◆ **WORK ORDER**:
Transcribe the entries below exactly, starting with the line that has "brauner, langhaariger Hund" and stopping after the line that has "冬季混色護耳棒球帽 三色-韓國設計"; no pictures belong in the copy.

◆ **RECORDS FOR THE TASK**:
- - -
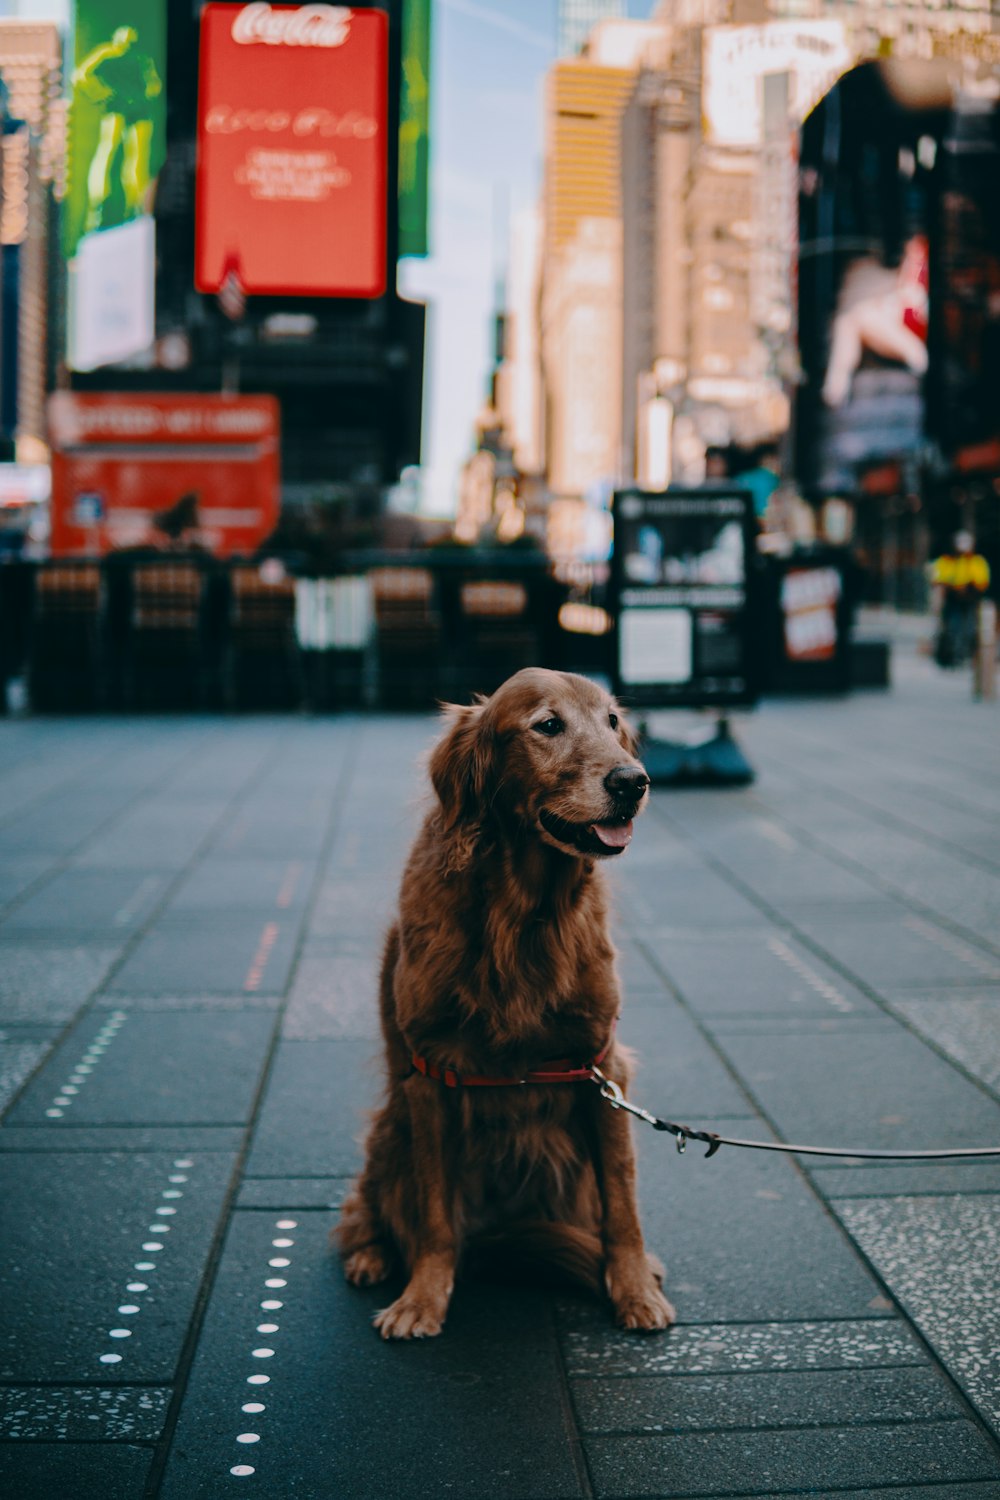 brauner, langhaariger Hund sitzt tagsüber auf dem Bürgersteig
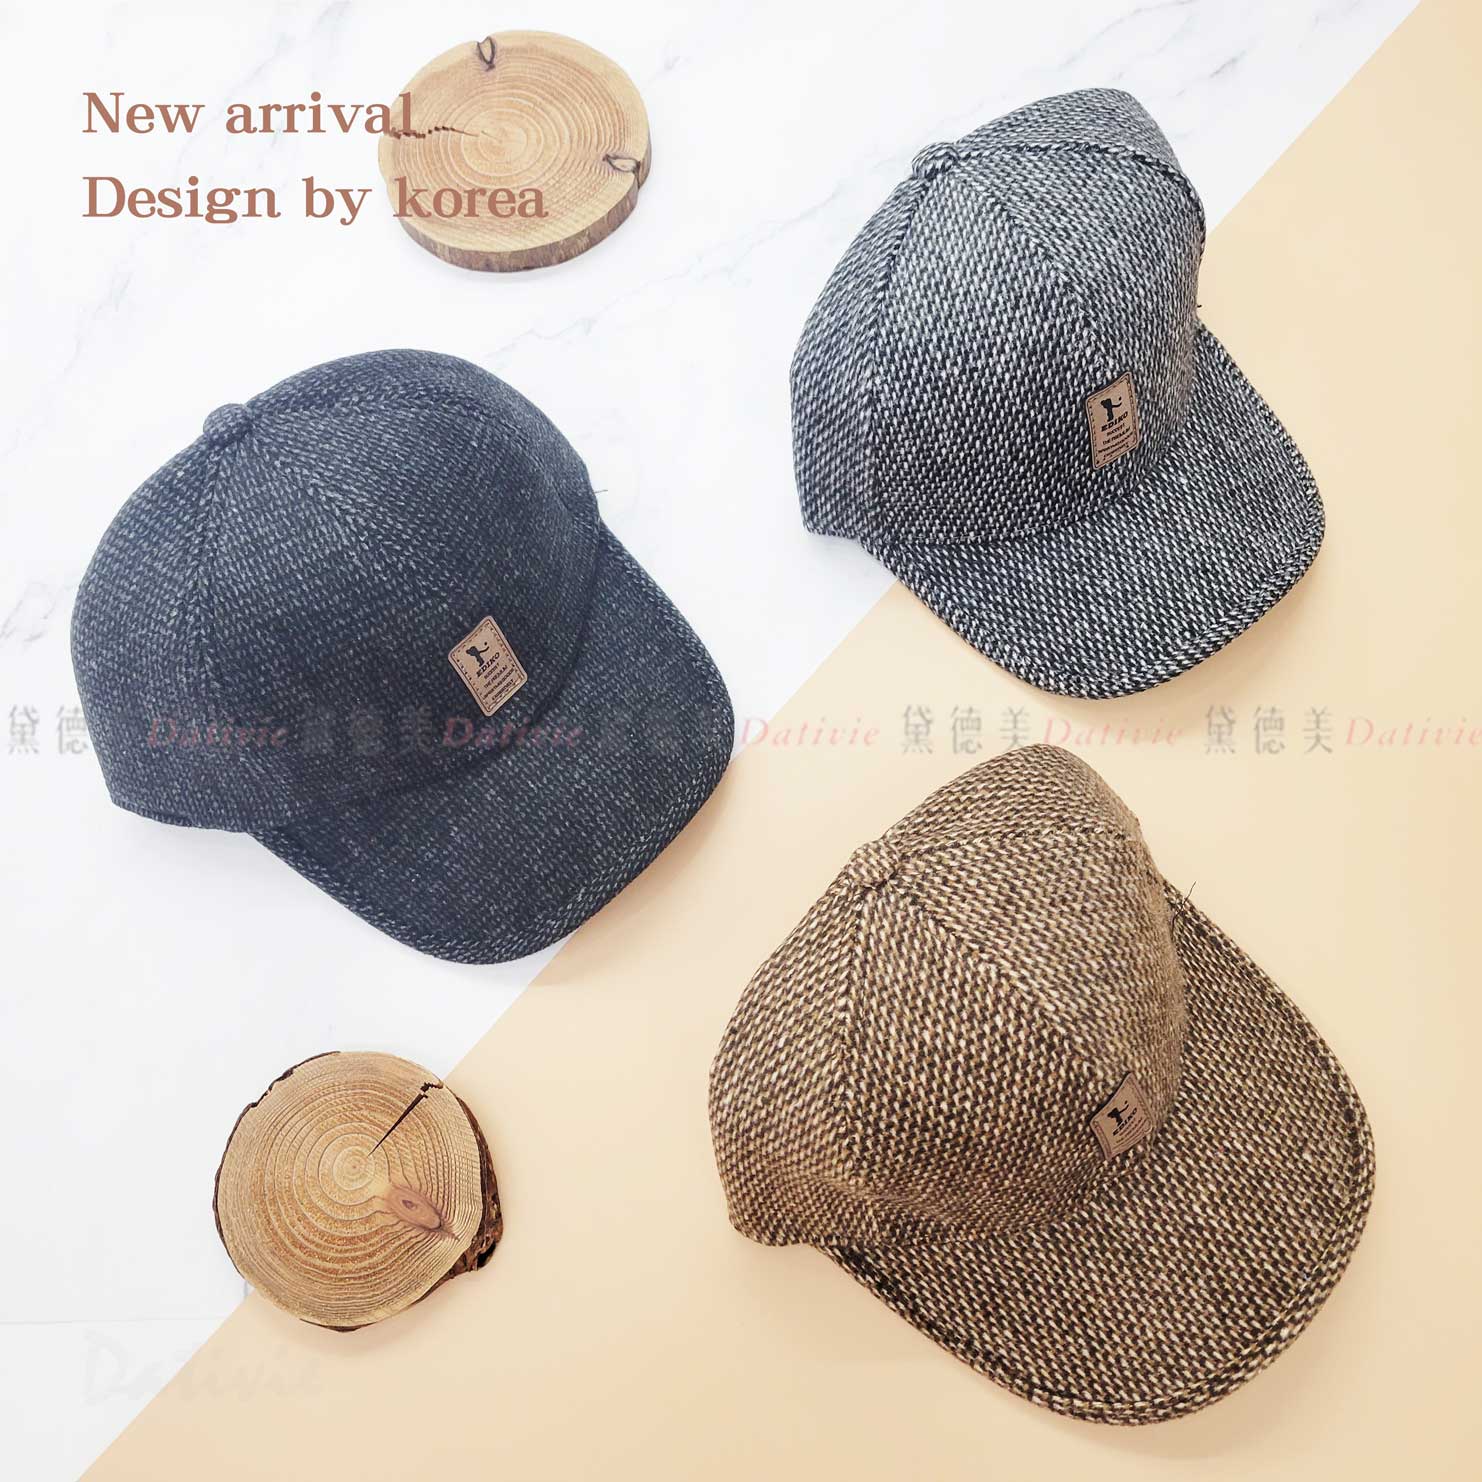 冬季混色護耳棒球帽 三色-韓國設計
- - -
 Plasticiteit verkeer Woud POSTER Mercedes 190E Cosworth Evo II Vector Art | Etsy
- - -
◆ **EXERCISE RESPONSE**:
 brauner, langhaariger Hund sitzt tagsüber auf dem Bürgersteig
 冬季混色護耳棒球帽 三色-韓國設計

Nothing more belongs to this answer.